07 Sep 2022
07 Sep 2022
Status: this preprint is open for discussion.

Warming of the Willamette River, 1850–present: the effects of climate change and direct human interventions

Stefan A. Talke1, David A. Jay2, and Heida L. Diefenderfer3,4 Stefan A. Talke et al.
  • 1Civil and Environmental Engineering, California Polytechnic State University, San Luis Obispo, California
  • 2Civil and Environmental Engineering, Portland State University, Portland, Oregon
  • 3Coastal Sciences Division, Pacific Northwest National Laboratory, Sequim, Washington
  • 4School of Environmental and Forest Sciences, University of Washington, Seattle, Washington

Abstract. Using archival research methods, we found and combined data from multiple sources to produce a unique, 140 year record of daily water temperature (Tw) in the lower Willamette River, Oregon (1881–1890, 1941–present). Additional daily weather and river flow records from the 1850s onwards are used to develop and validate a statistical regression model of Tw for 1850–2020. The model simulates the time-lagged response of Tw to air temperature and river flow, and is calibrated for three distinct time periods: the late 19th, mid 20th, and early 21st centuries.
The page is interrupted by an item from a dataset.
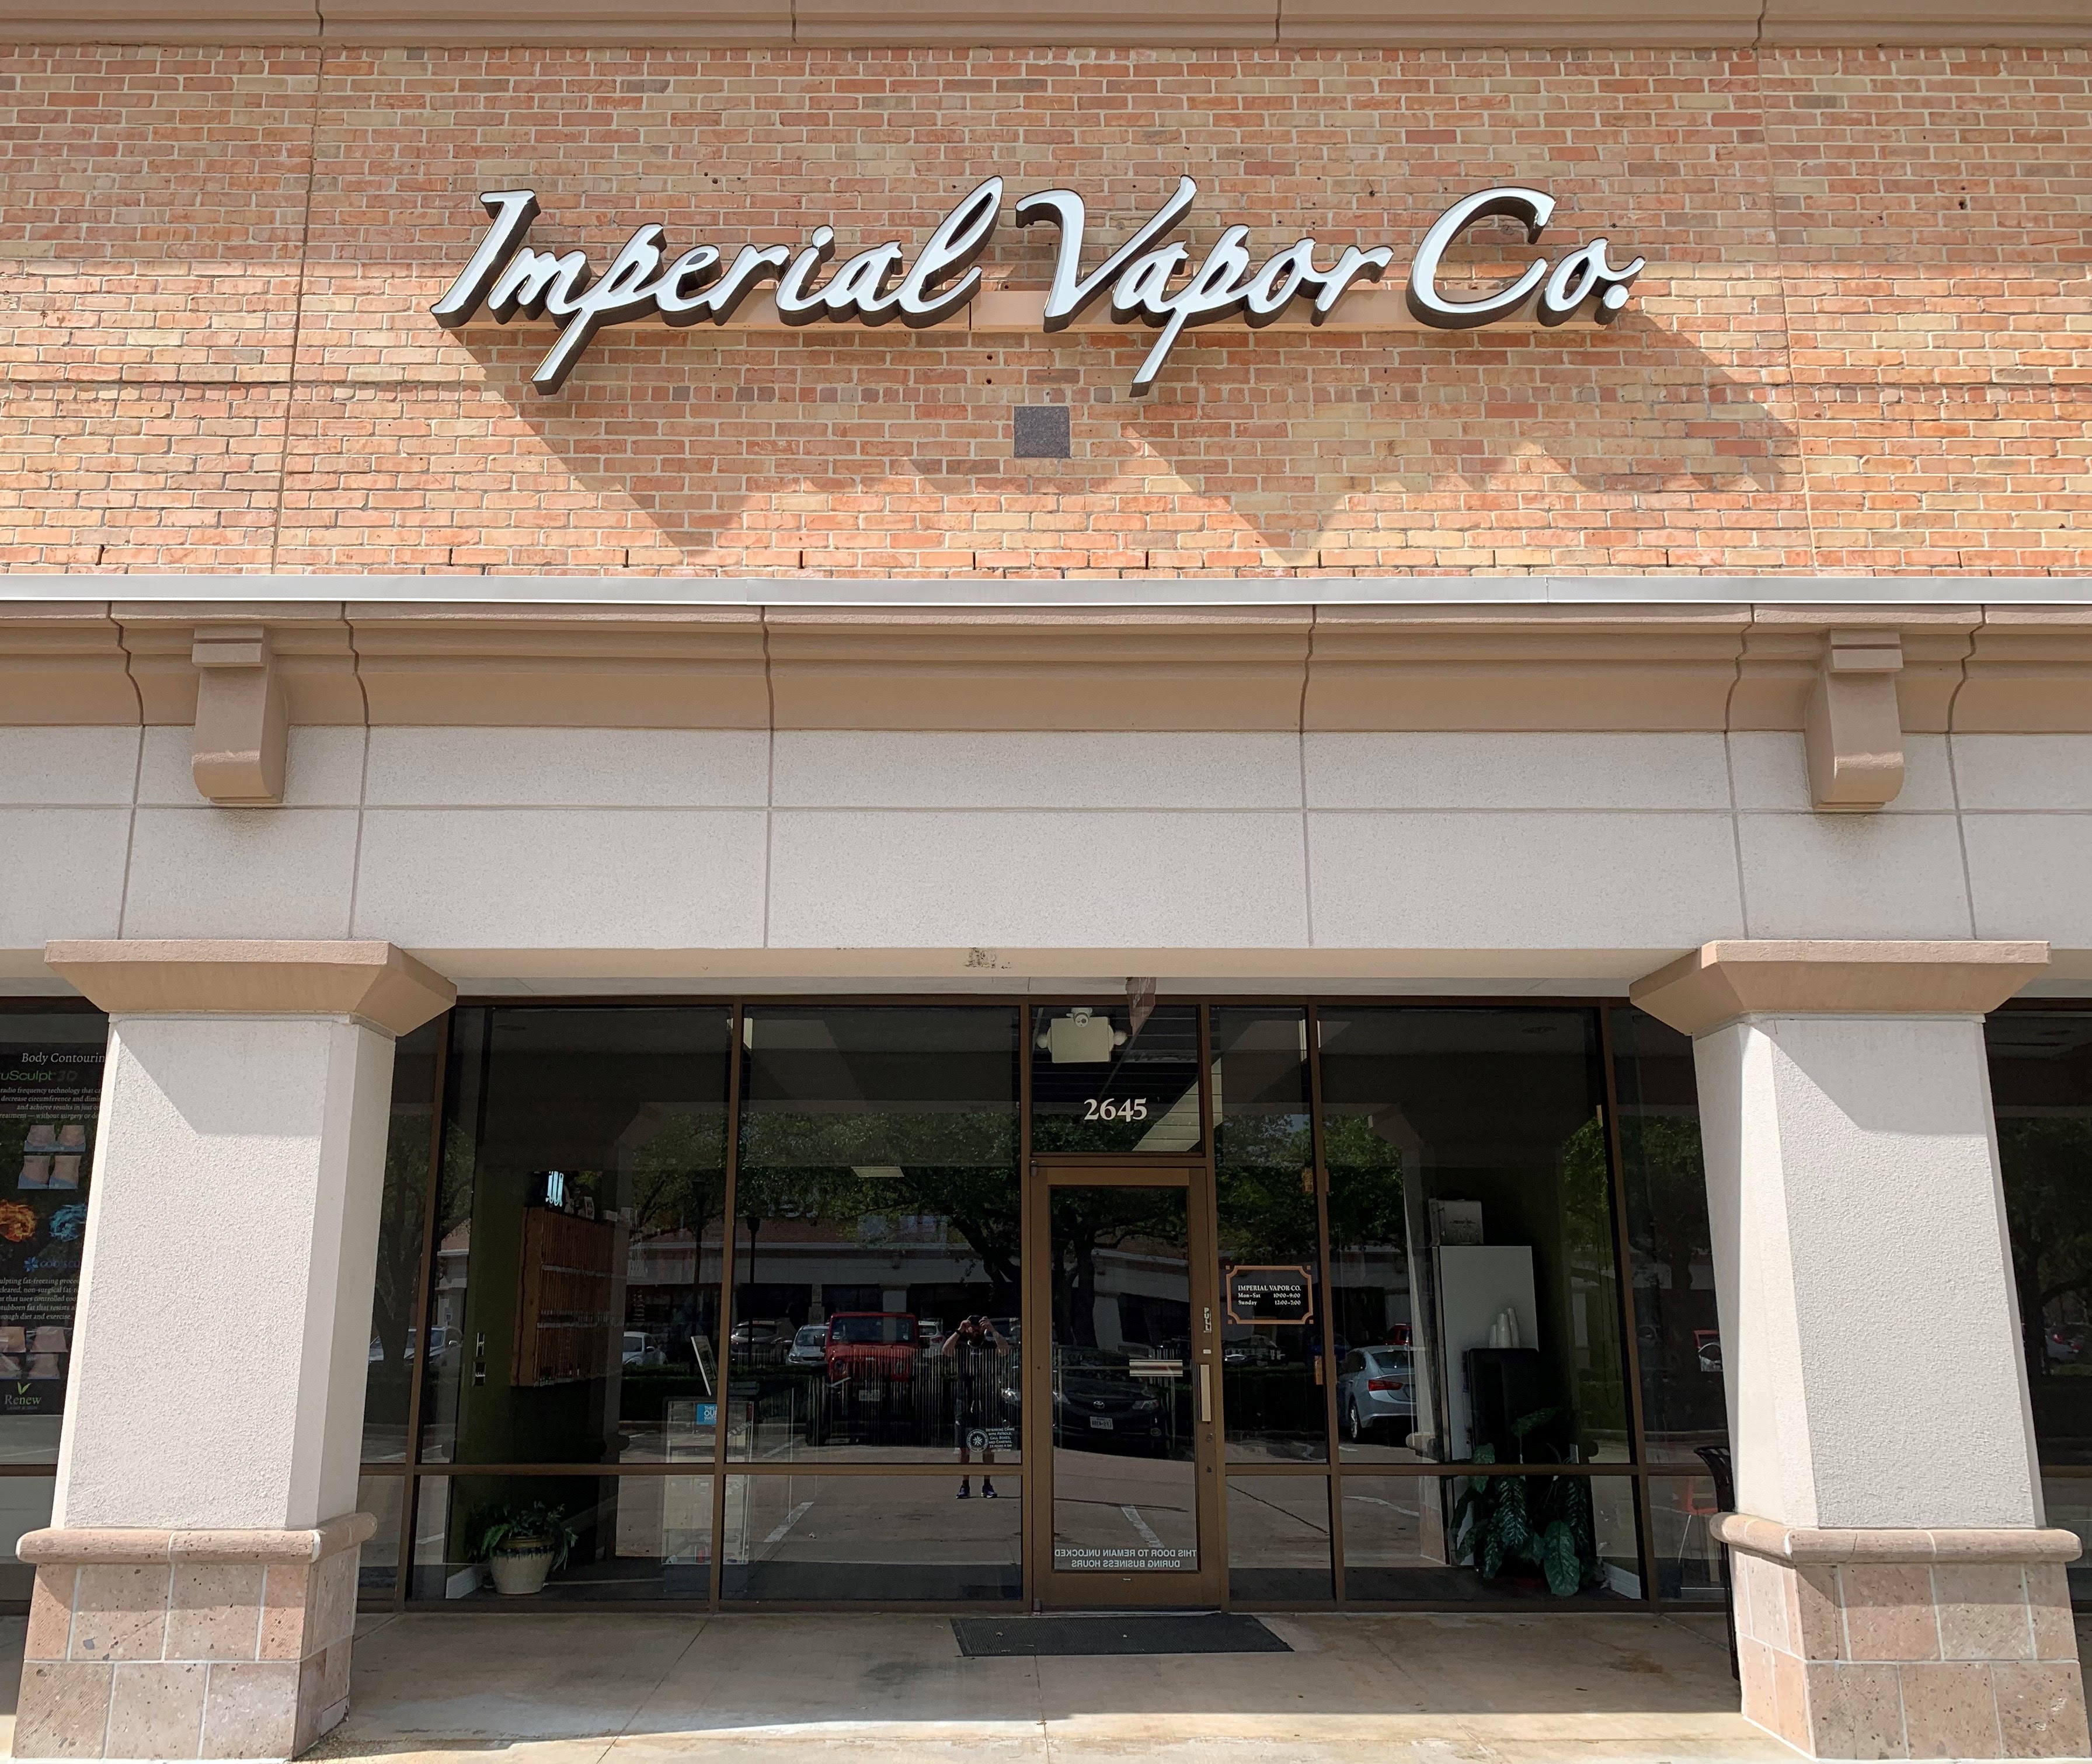 Imperial Vapor Co. - Sugar Land Photo

Results show that Tw has trended upwards at ~1.1 °C /century since the mid-19th century, with the largest shift in January/February (1.3 °C /century) and the smallest in May/June (~ 0.8 °C /century). The duration that the river exceeds the ecologically important threshold of 20 °C has increased by ~20 days since the 1800s, to ~60 d yr-1. Moreover, cold water days below 2 °C have virtually disappeared, and the river no longer freezes. Since ~1900, changes are primarily correlated with increases in air temperature (Tw increase of 0.81 ±0.25 °C) but also occur due to increased reservoir capacity, altered land use and river morphology, and other anthropogenic changes (0.34 ±0.12 °C). Managed release of water influences Tw seasonally, with an average reduction of 0.27 °C and 0.56 °C estimated for August and September. System changes have decreased daily variability (σ) by 0.44 °C, increased thermal memory, and reduced interannual variability. These system changes fundamentally alter the response of Tw to climate change, posing additional stressors on fauna.

Stefan A. Talke et al.

Status: open (until 02 Nov 2022)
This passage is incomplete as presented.